Currently, the methods of preventing hypothermia in the operating room are limited.

One way of warming the patient during surgery is keeping the operating room very hot, which is uncomfortable for the surgeons, nurses, and anesthesiologists who may need to work in the room for long periods of time, Porreca said.

Another option is to wrap the patient in blankets, Patwardhan said. This isn’t always effective, especially during surgeries where there are multiple wounds or a large area of the body is being operated on since the blankets cannot be placed over the incisions.

The necessity for a solution to this problem, combined with the limits of the existing methods, led Patwardhan to search for a more effective treatment.

“As an anesthesiologist, this is what I fight every day,” Patwardhan said.

One of the major benefits of using TRPV1 to prevent hypothermia is its potential to reduce the need for opioids post-surgery.

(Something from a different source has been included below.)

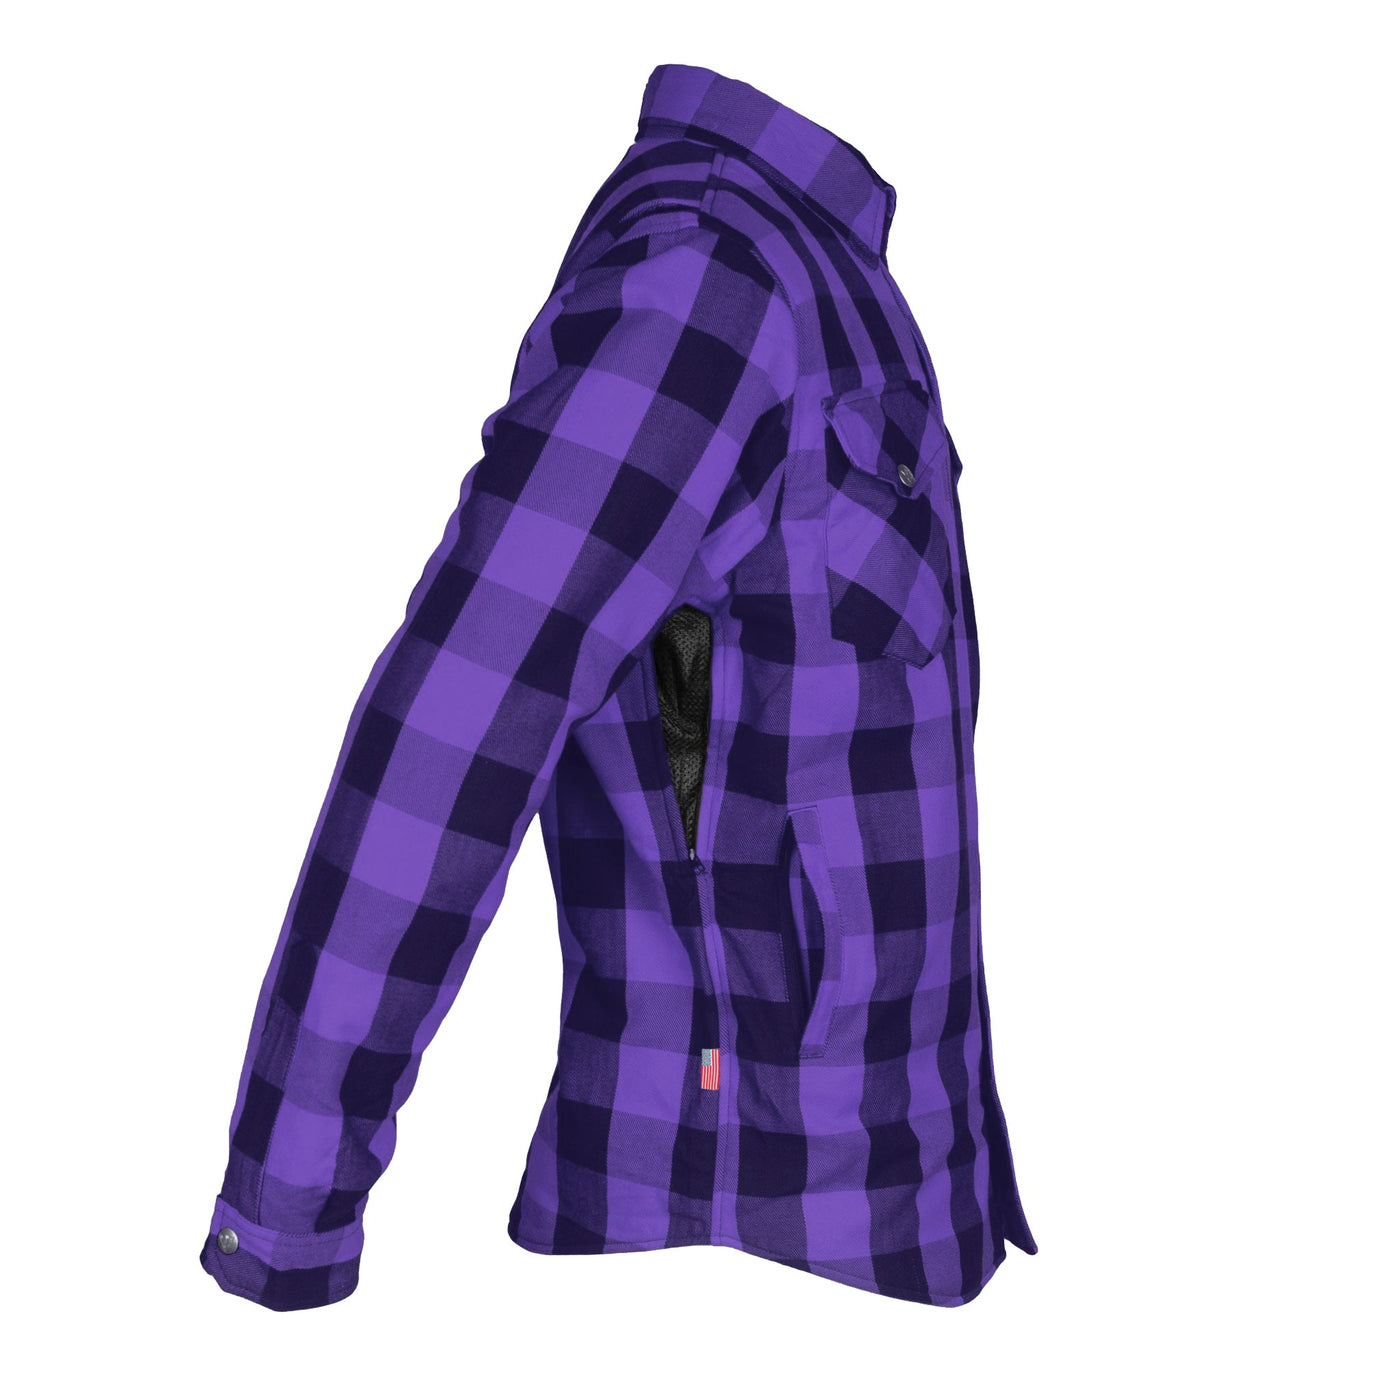 Protective Flannel Shirt with Pads "Purple Rain" - Purple and Black Checkered
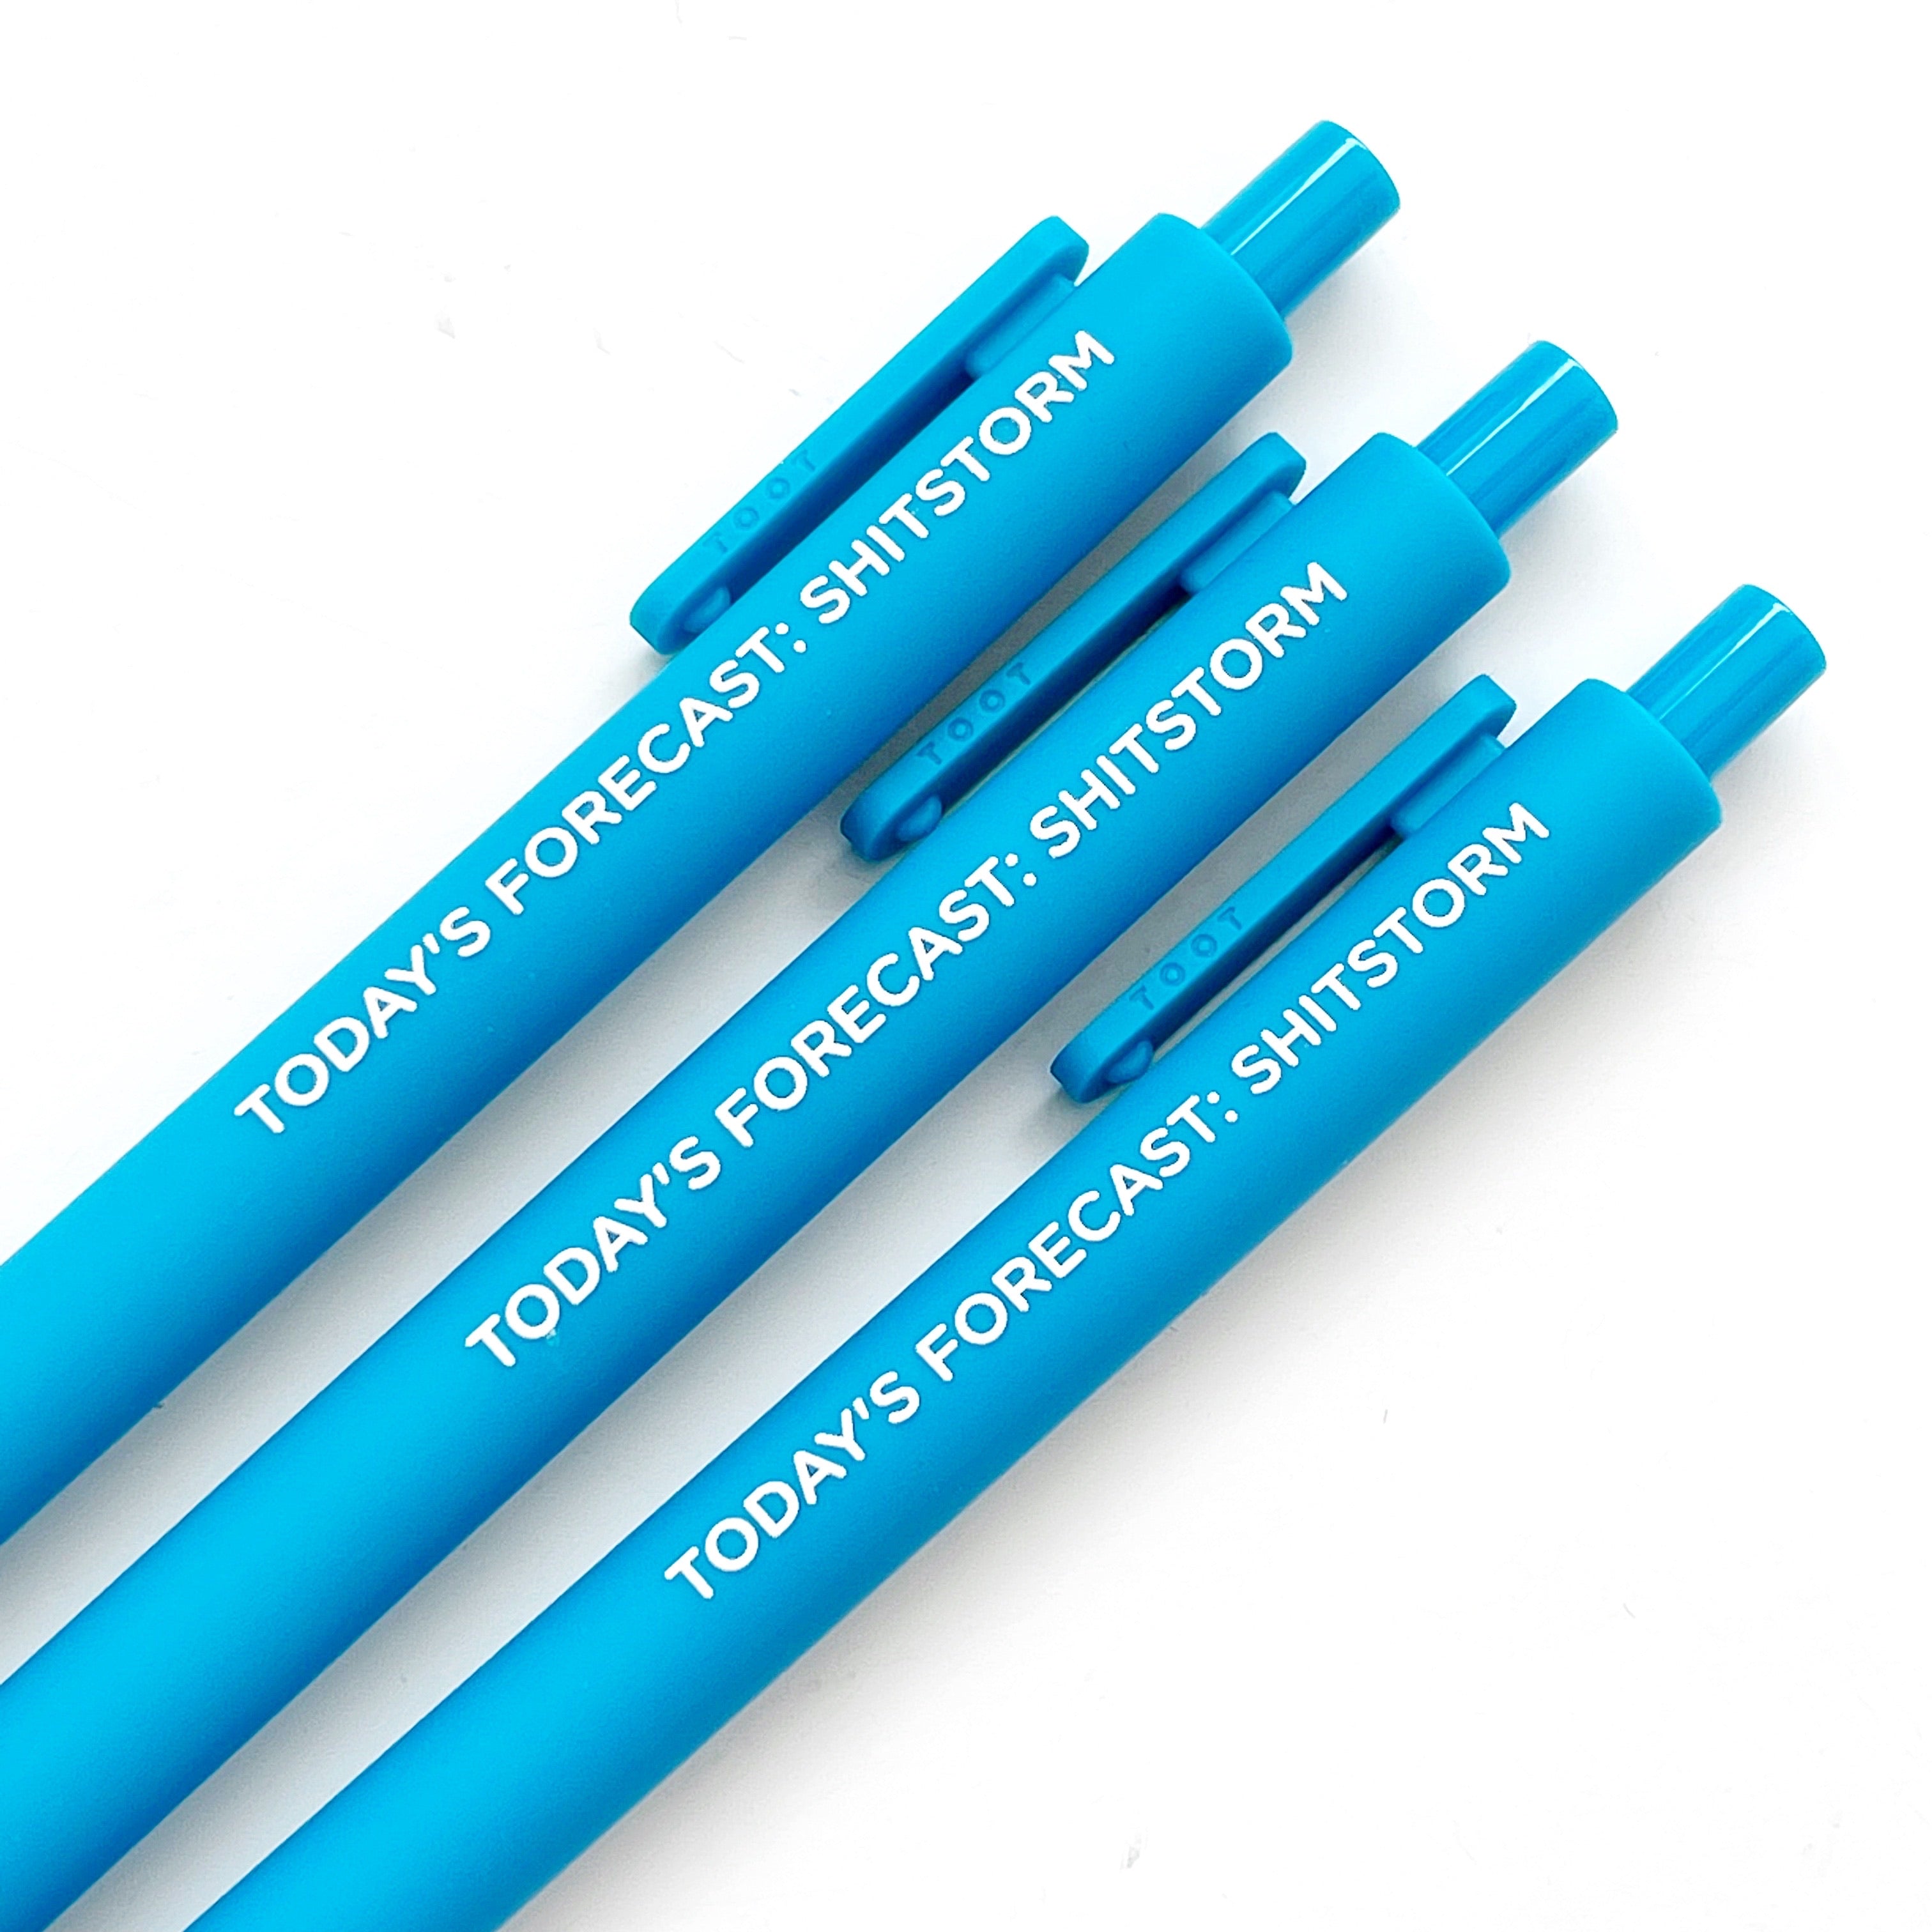 Image of blue pen with white text says, " Today's forecast: Shitstorm".

While working with rat models, Patwardhan said they discovered that the rats who received the drug during anesthesia didn’t require as many opioids to deal with pain after surgery.

Other than a potential decrease in opioid use in the post-operative period, this medication could have several other benefits.

“It would help to minimize pain, get the patient out of the recovery room faster, and maybe decrease the time of wound healing, all of these could be big advantages,” Porreca said.

Currently, the TRPV1 medication has only been tested with rat models.

Before the medication can be used in humans, it needs to pass through a series of toxicology tests and clinical trials to ensure its safety, Porreca said. The drug would only be applied in a highly-controlled setting under the supervision of anesthesiologists.

Both researchers remain optimistic this medication will revolutionize the way anesthesia-induced hypothermia is treated.

“There’s a great opportunity to really improve the way the patients are being treated and improve their outcome from surgery,” Porreca said. “So that’s what we’re hoping, that we can really impact how these procedures are done and the positive outcome in patients.”

Patwardhan and Porreca’s start-up business, Catalina Pharma, is conducting this research in partnership with the UA.